Bu arada arabada Türkçe başlayıp Rumca devam eden Ege havaları çalıyordu. Bir ara çalan parçalardan biri dikkatimi çekti. Çok eskilerden hatırlıyor gibiydim. Parçayı hatırladığımı ama çıkaramadığımı söyleyince arkadaşım heyecanla çalan eserin “Neden olmadı?” isimli unutulmuş bir Ege türküsü olduğunu, bugüne kadar hatırlayan pek fazla kişiye rastlamadığını söyledi.

Parçayı tekrar dinleyince anılar canlandı. Daha iyi hatırladım.
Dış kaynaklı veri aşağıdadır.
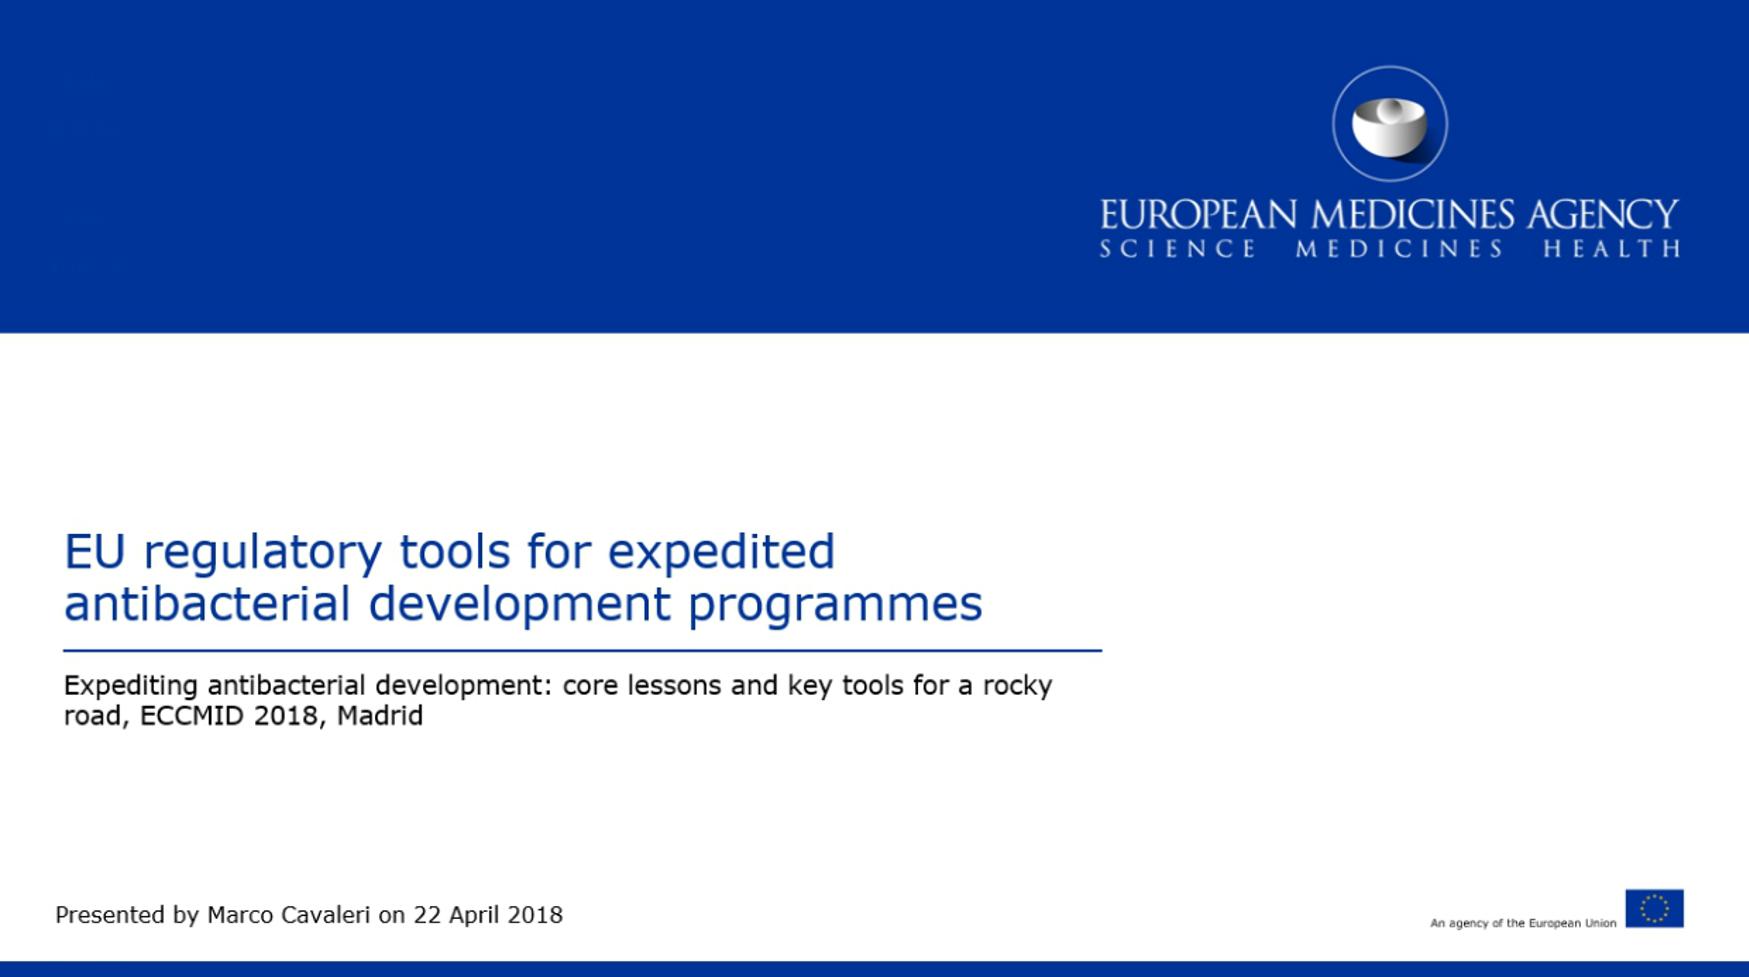 EU regulatory tools for expedited antibacterial development programmes

Çocukluğumda düğünlerin bitmesine yakın eğlenceli kıvrak havaların yerini yavaş müziklere bıraktığında seslendirilen parçalardan biriydi. Çocuk aklımla hızlı müzik hiç bitmesin tepine tepine oynayalım ister, düğünün bitmekte olduğunu hatırlatıp uyku getirdiği için yavaş müzikleri hiç sevmezdim.

Arkadaşıma anlatıp “Bu parça çalınıp okunurken özellikle yaşlılar sessizce ağlayıp eşlik ederlerdi. Nedenini hiç anlamazdım. Sanırım sormaya da çekiniyordum.”  Dedim.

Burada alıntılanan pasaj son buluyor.